В нашей крестьянской России лошадь вполне могла соперничать с паровозом. Действительно, была оправдана поговорка: "Тише едешь - дальше будешь". Конку приняли вначале с опасением. Но позднее Городская дума Санкт-Петербурга оценила выгоду этого вида транспорта.
Конечно, были и несчастные случаи с извозчиками, опрокидывание пролеток, карет, ушибы и сотрясения как пассажиров, так и зевак, но прогресс есть прогресс. В первый же год, когда перевезли полтора миллиона пассажиров, все почувствовали удобство перемещения по городу.

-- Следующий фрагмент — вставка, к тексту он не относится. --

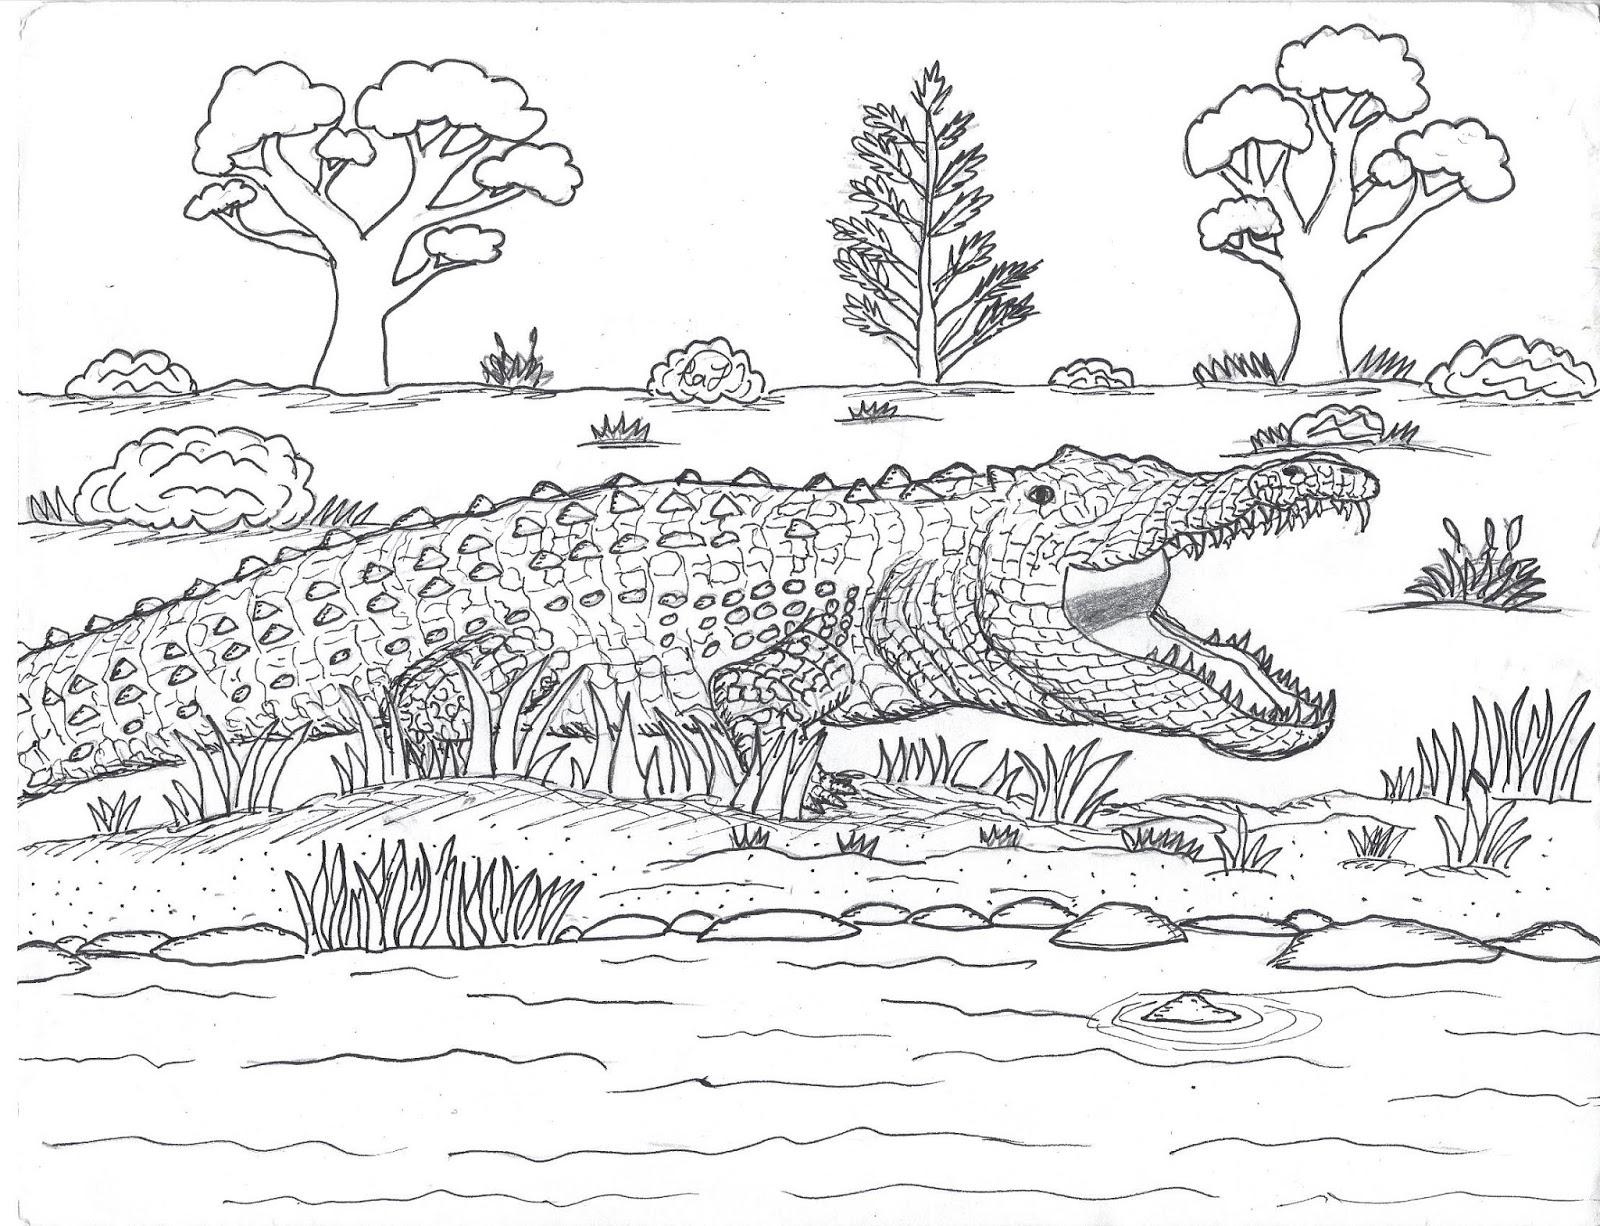 Sarcosuchus - Prehistoric Crocodile coloring page | Free Printable ... | 1226x1600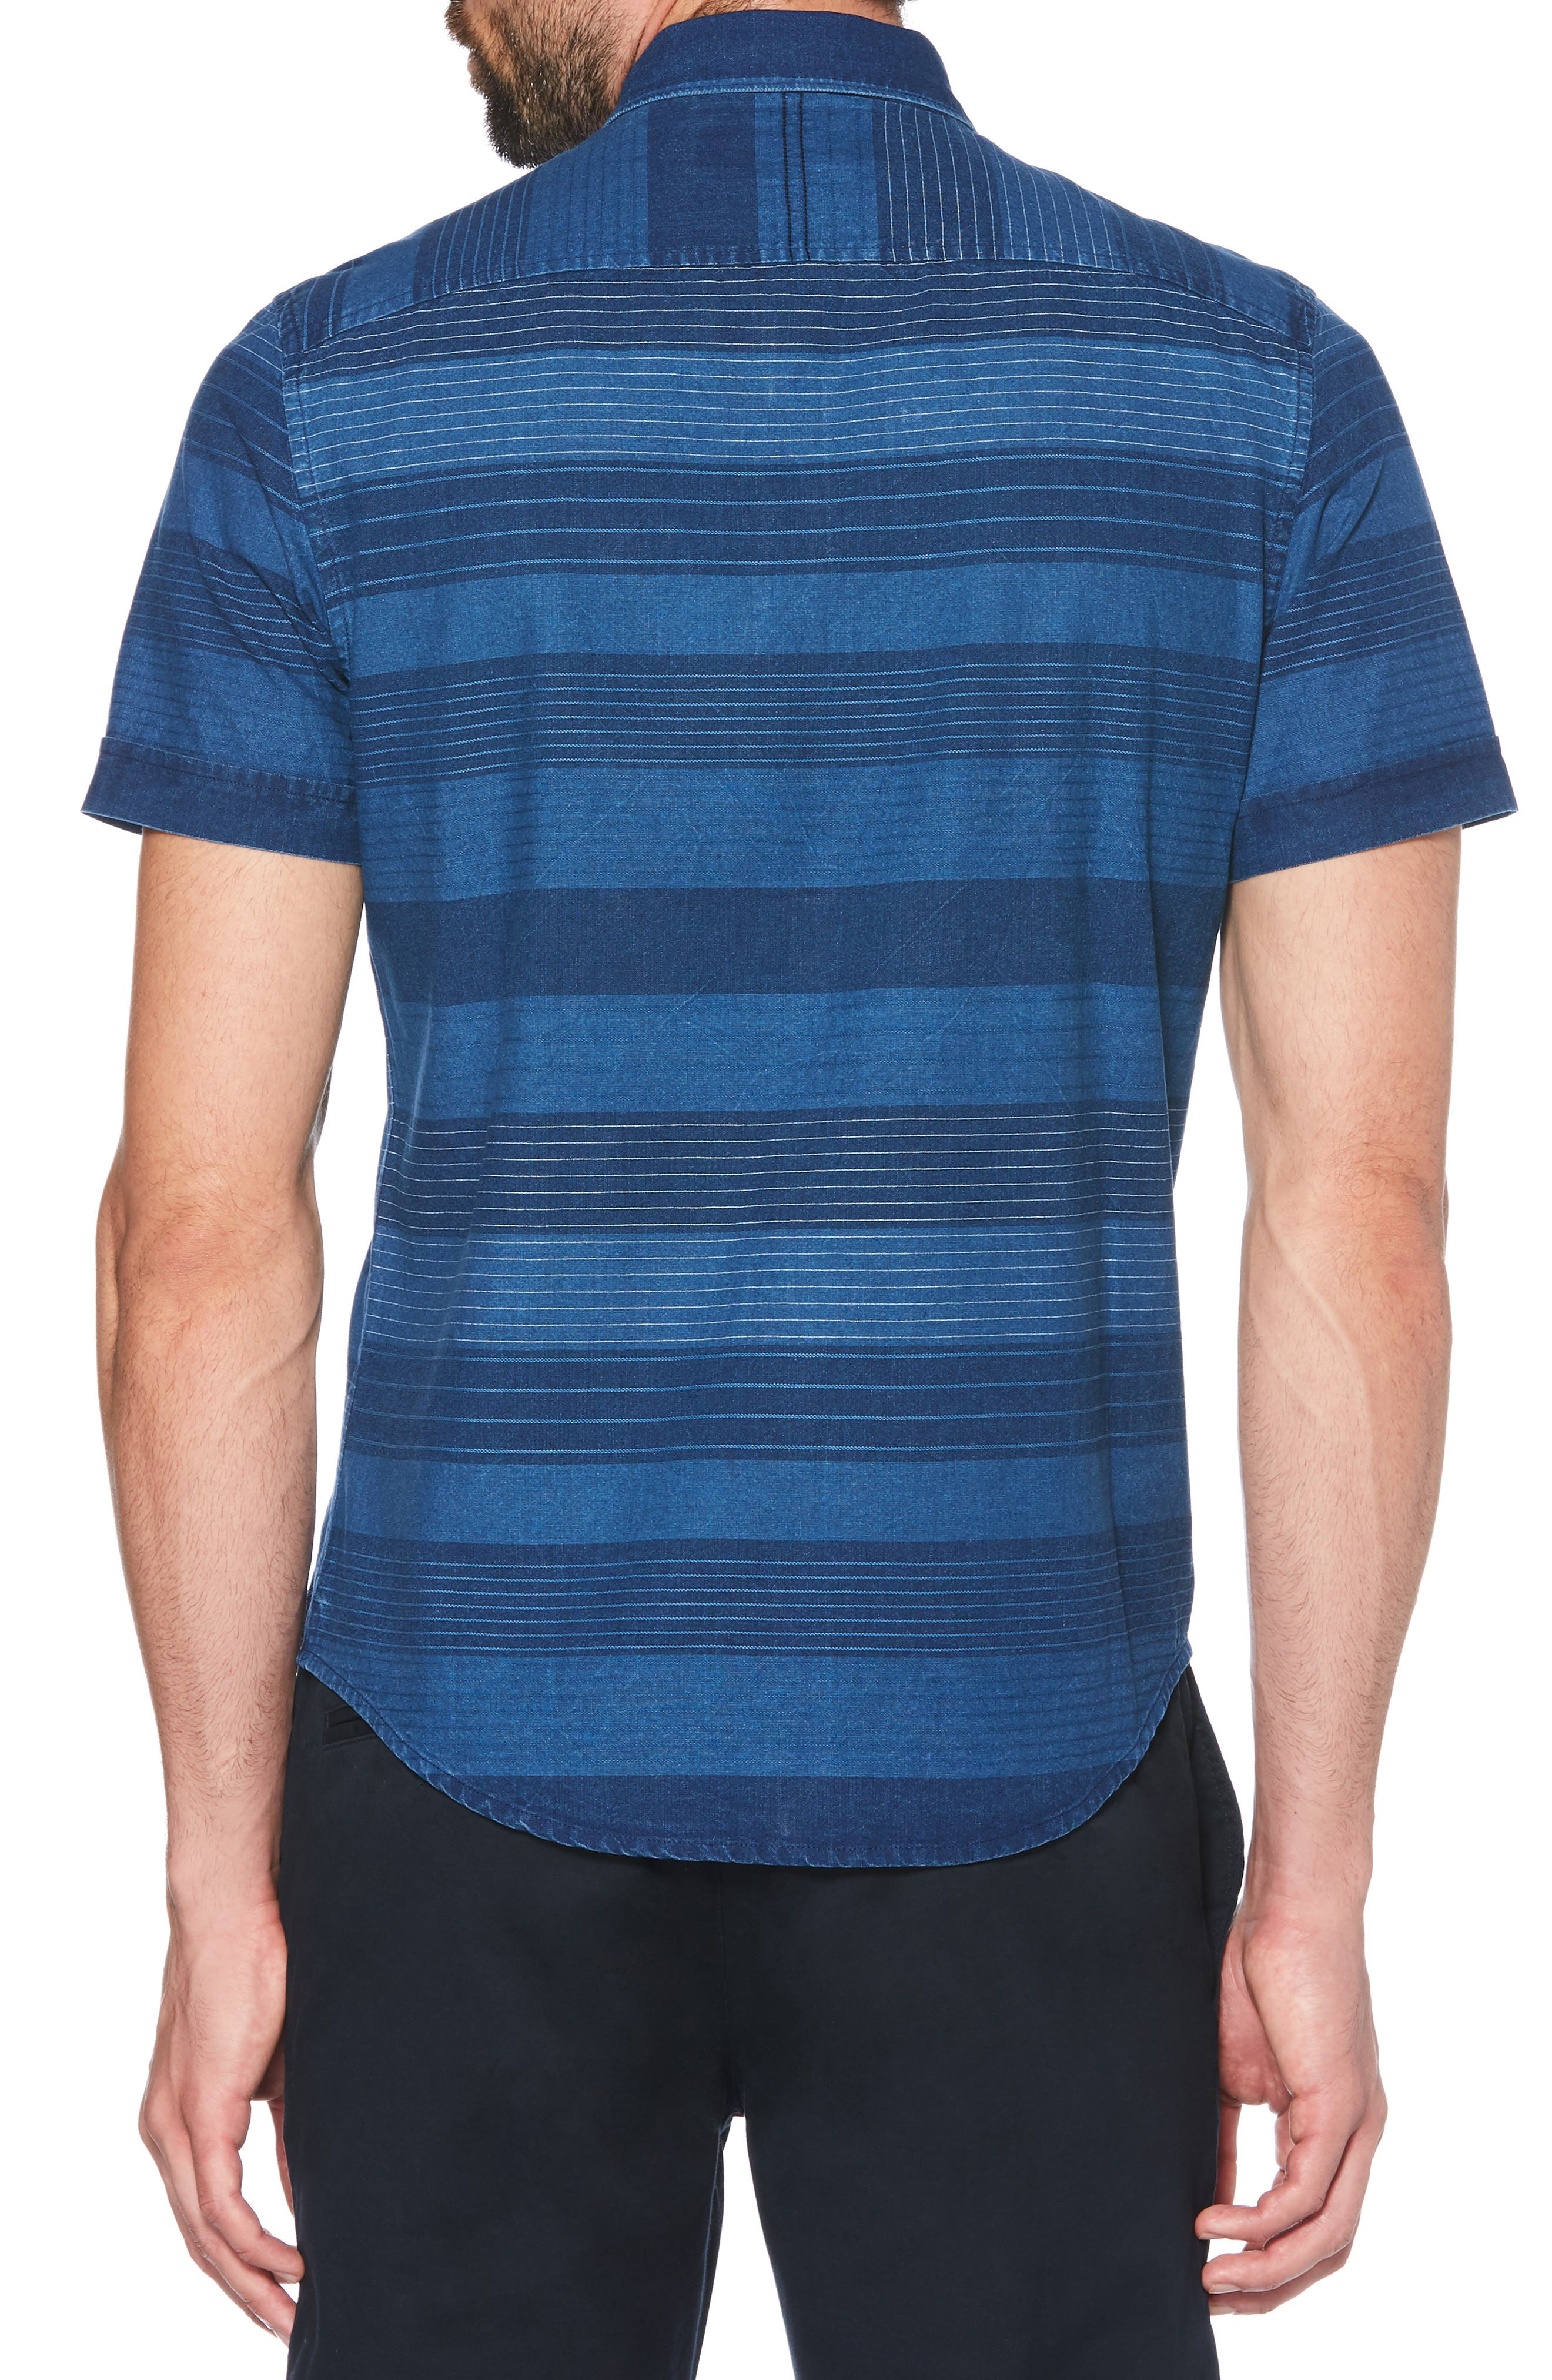 ORIGINAL PENGUIN, Slim Fit Dobby Striped Sport Shirt, Alternate thumbnail 3, color, DARK DENIM

А если посчитать, что каждая поездка приносила ощутимый пятачок (не наш, сегодняшний!), то становилась понятной и выгодность нового вида "транспорта".
Было немало проблем с рельсами: их надо было объезжать, пересекать, проезжать мостовые. С появлением трамвайных путей движение транспорта стало точнее, ритмичнее. Постепенно исчезали извозчики, повозки, кареты. Уличной железной дорогой прозвали конку вначале в Америке и в Германии, а в России она прижилась как конная железная дорога.
В первое время рельсы пытались устроить у тротуаров, потом поняли, что так сразу затруднится въезд во дворы, остановится другой транспорт. Зеваки-пешеходы лезли под колеса. Оставалось одно: расположить линию рельс посередине улицы, а для безопасности пассажиров двери сделать в задней стенке, чтобы люди не попадали ни под какие другие виды транспорта, что при малом движении было разумно.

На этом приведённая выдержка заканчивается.